MAX phase material is a layered carbon nitride inorganic non-metallic material consisting of M, A, X elements in the periodic table, collectively known as “MAX phase”. M represents transition metal elements, like titanium, zirconium, hafnium, etc., A represents the primary group elements, including aluminum, silicon, germanium, etc., X represents carbon or nitrogen. MAX-phase materials, each atomic layer is composed of M, A, X, the 3 elements of the alternating composition arrangement, with hexagonal lattice structure. Because of their electrical conductivity of metal and high strength, high-temperature resistance and corrosion resistance of structural ceramics, they are commonly used in high-temperature structural materials, high-temperature antioxidant coatings, high-temperature lubricants, electromagnetic shielding as well as other fields.

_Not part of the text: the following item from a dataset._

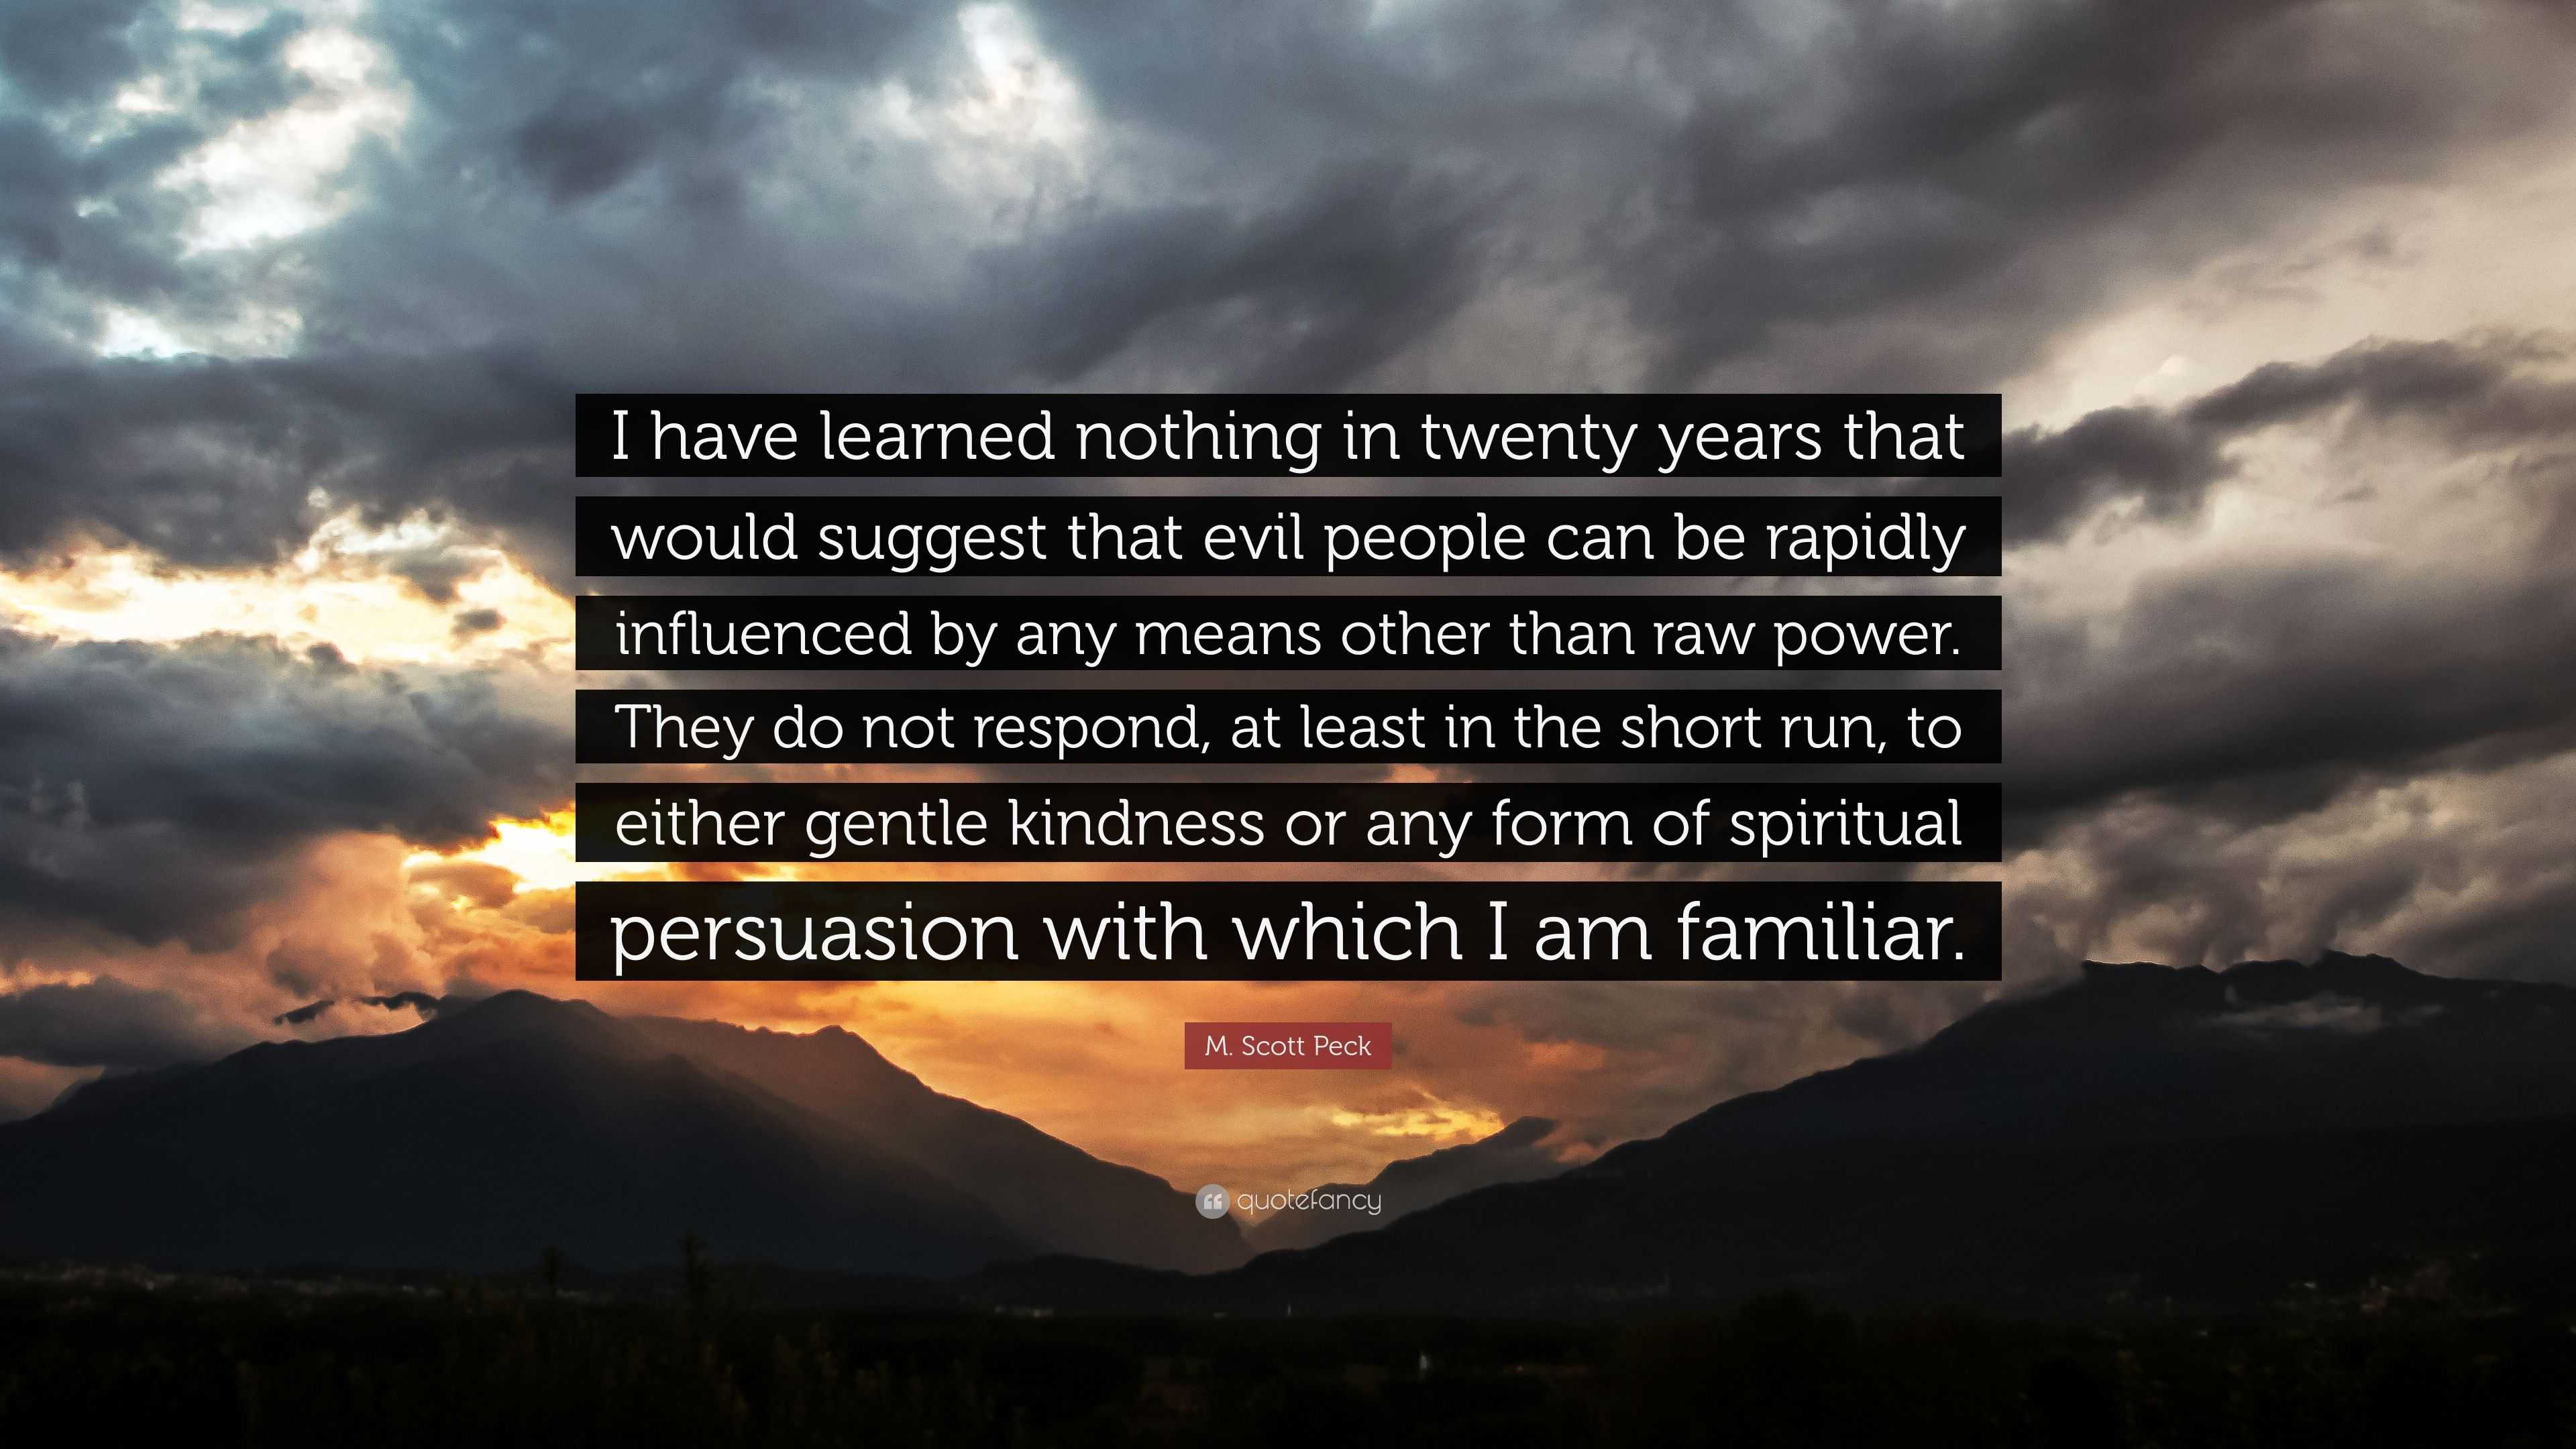 https://quotefancy.com/media/wallpaper/3840x2160/4874988-M-Scott-Peck-Quote-I-have-learned-nothing-in-twenty-years-that.jpg

Properties of MAX material
MAX material is a new kind of layered carbon nitride inorganic non-metallic material with the conductive and thermal conductive qualities of metal, comprising three elements using the molecular formula of Mn 1AXn (n=1, 2 or 3), where M means the transition metal, A means the main-group elements, and X means the aspects of C or N. The MXene material is actually a graphene-like structure obtained by the MAX phase treatment with two-dimensional transition metal carbides, nitrides, or carbon-nitrides. Max Phase material are novel two-dimensional nanomaterials made up of carbon, nitrogen, oxygen, and halogens.
Uses of MAX materials
(1) Structural materials: the superb physical properties of MAX materials make them have an array of applications in structural materials. For instance, Ti3SiC2 is a kind of MAX material with good high-temperature performance and oxidation resistance, which could be used to manufacture high-temperature furnaces and aero-engine components.
(2) Functional materials: Besides structural materials, MAX materials can also be found in functional materials. As an example, some MAX materials have good electromagnetic shielding properties and conductivity and could be used to manufacture electromagnetic shielding covers, coatings, etc. Additionally, some MAX materials also have better photocatalytic properties, and electrochemical properties can be utilized in photocatalytic and electrochemical reactions.
(3) Energy materials: some MAX materials have better ionic conductivity and electrochemical properties, which can be utilized in energy materials. For instance, K4(MP4)(P4) is one from the MAX materials with high ionic conductivity and electrochemical activity, which can be used as a raw material to produce solid-state electrolyte materials and electrochemical energy storage devices.
What Exactly are MXene materials?
MXene materials certainly are a new form of two-dimensional nanomaterials obtained by MAX phase treatment, just like the structure of graphene. The surface of MXene materials can connect with more functional atoms and molecules, and a high specific surface, good chemical stability, biocompatibility, and tunable physical properties, etc, characterize them. The preparation strategies for MXene materials usually range from the etching therapy for the MAX phase and also the self-templating method, etc. By adjusting the chemical composition and structure of MXene materials, the tuning of physical properties such as electrical conductivity, magnetism and optics may be realized.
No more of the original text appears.